A AR-15 assault rifle, similar to the ones allegedly manufactured by Himonitis and company.
Joe Raedle / Getty Images
On May 6, Antonio Himonitis allegedly walked into a hotel room in Uniondale, New York, to discuss a new business venture with a man purporting to be a Dominican gang leader in search for military-grade weapons to send to his country.
Himonitis didn't know it at the time, but that conversation would be the beginning of his downfall, according to a source at the office of New York State Attorney General Eric Schneiderman. The source declined to be named because charges had not yet formally been announced.
The day of his conversation with the purported gang leader, Himonitis had just been released from state prison, where he'd done time for an attempted robbery. During his time behind bars, the source said, he allegedly banded together with his wife, Diana Collins, and a fellow inmate, Thomas Weber, to hatch a plan to sell machine guns for profit.
On the surface, there was nothing new about the plot — gun running is as old as guns. But there was a twist, the source said. The assault rifles that Himonitis and company allegedly wanted to sell would have no serial numbers, or appear in any law enforcement database.
In other words, the assault rifles the three allegedly wanted to sell would be what some people call "ghost guns" — homemade weapons that are nearly impossible to trace.
After Himonitis' conversation with the man he believed to be a gang leader, the source said, the ex-con and his accomplices bought legal gun components from manufacturers across the country. They then allegedly made slight modifications to those components, turning them into fully functional AR-15 and AR-10 assault rifles.
Over the course of the next few weeks, the source said, the three allegedly sold at least 12 of these rifles to the man they believed to be the Dominican gang leader. They allegedly sealed the deals in hotel rooms across Long Island, receiving a total of $26,600.
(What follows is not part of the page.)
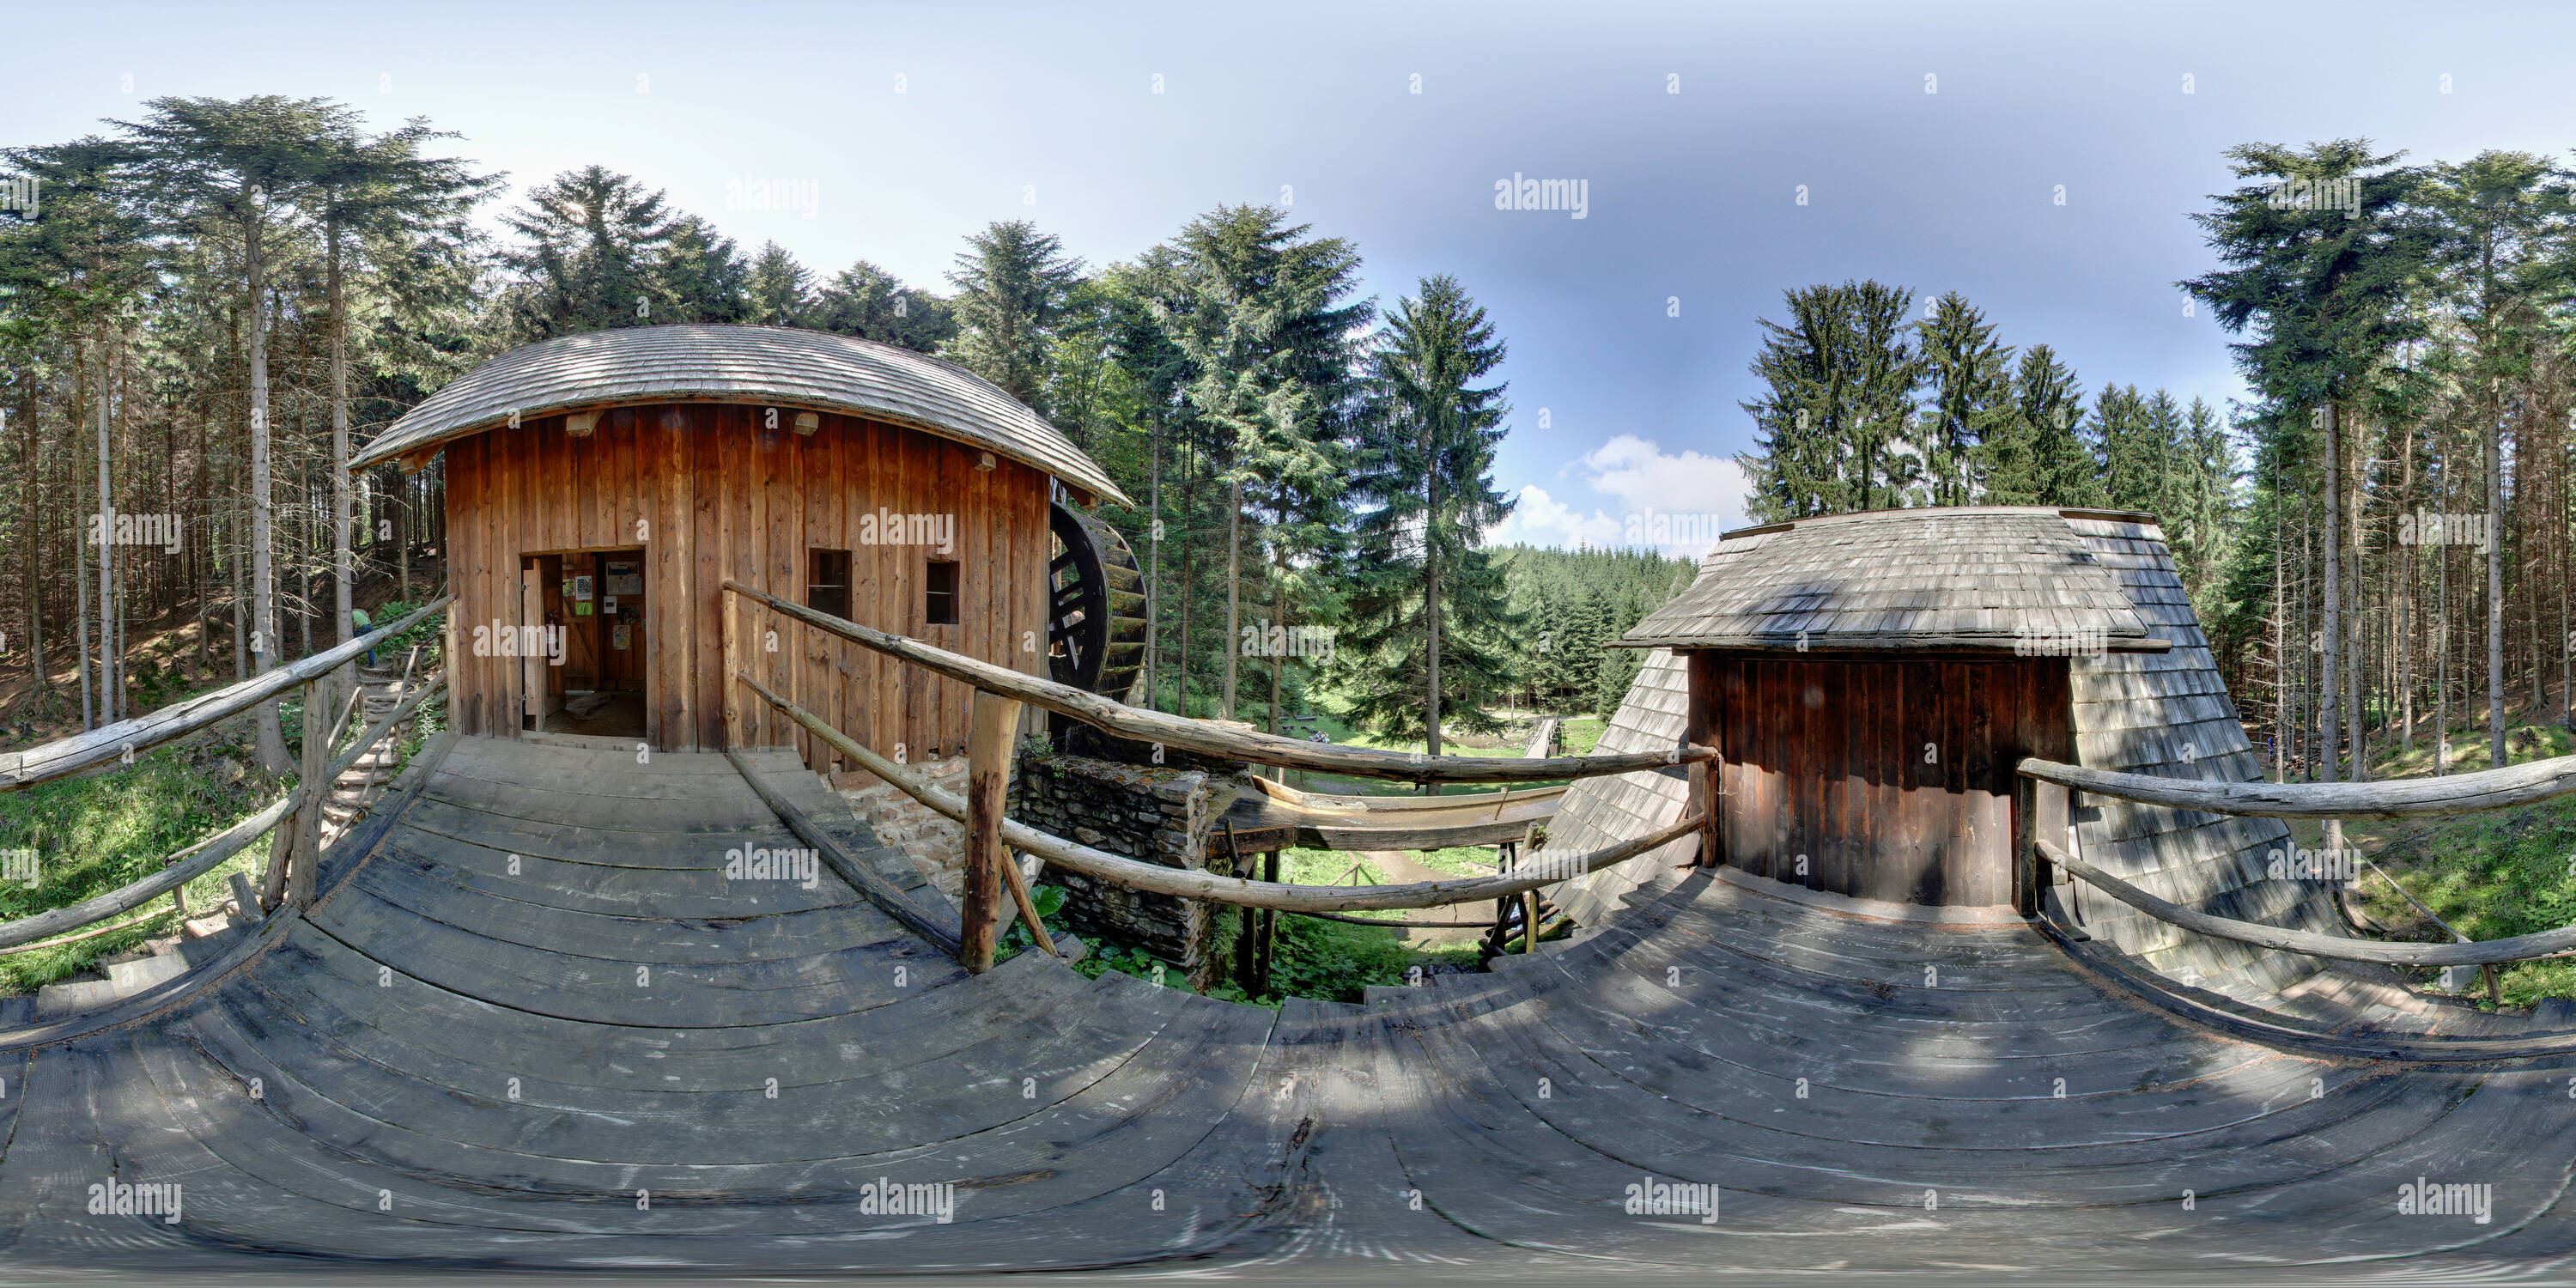 360 degree panoramic view of Zlaté Hory, Gold mines
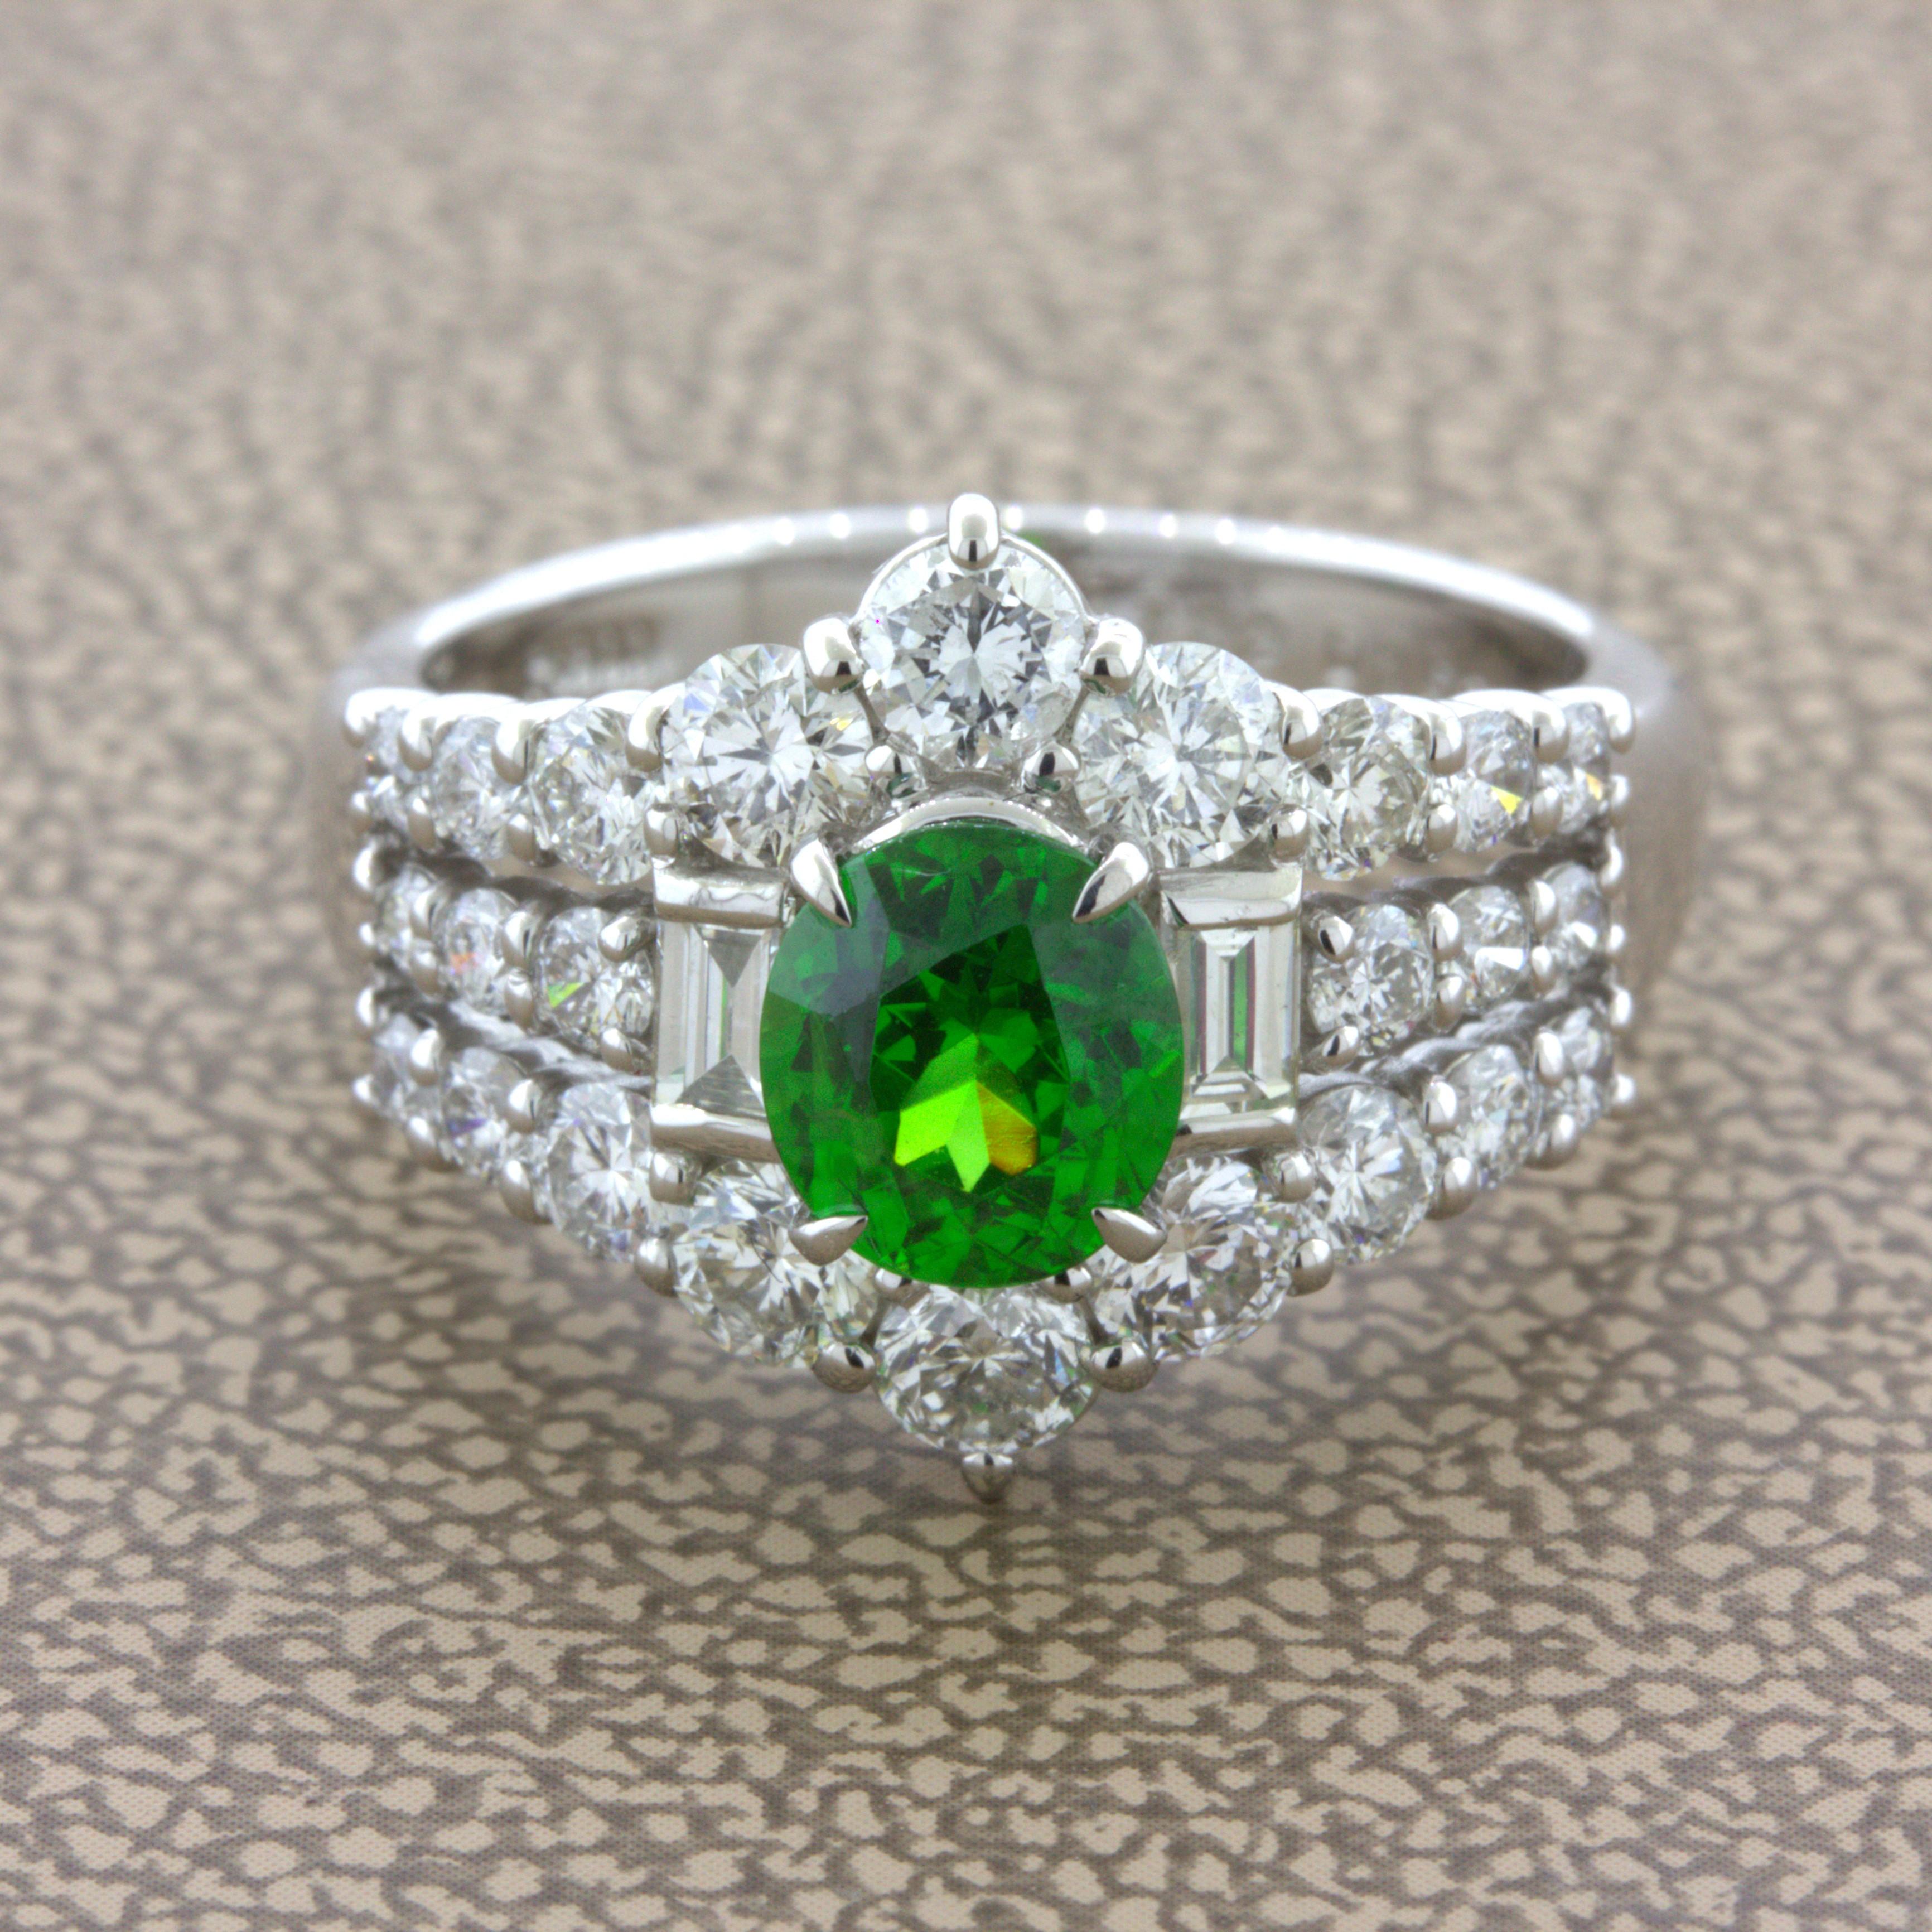 A beautiful and very rare fine gemstone! It is a demantoid garnet from the Ural Mountains in Russia. They are prized for their intense green color that rivals emerald and its high levels of fire which surpass diamond. This example is a 1.22 carat

There was only one problem. The customer was not a gang member, he was an undercover investigator with the New York State Police.
Himonitis, Weber, and Collins, who were arrested Thursday afternoon, are due in court Friday, when, according to law enforcement sources, they are expected to be charged with conspiracy, criminal sale of a firearm, and other charges.
The source at the attorney general's office told BuzzFeed News that the group allegedly exploited a loophole in the legal definition of "firearm."
Most weapons have several parts, the source said, but not all of them are subject to the same federal regulations. A gun barrel, for example, is not a gun — it has to be attached to the rest of a rifle to be subject to regulations. There is a part of the gun, however, that is considered a firearm by itself: The receiver, or the part of the rifle that actually fires the bullet.
But in order to qualify as a gun, the receiver has to be finished. Anyone in the United States can legally mail order a receiver that is up to 80% complete without breaking any laws. With the right tools, the source said, it can take an unskilled person as little as one hour to finish the part.
Since the component was not technically a gun until after it was modified, it does not need to be stamped with a serial number, unlike every gun professionally manufactured in the U.S.
If convicted of all the expected charges, the source said, Weber and Himonitis could spend 50 years behind bars. Collins could face a maximum penalty of 25 years in prison. It was unclear whether any of them had retained an attorney as of Thursday.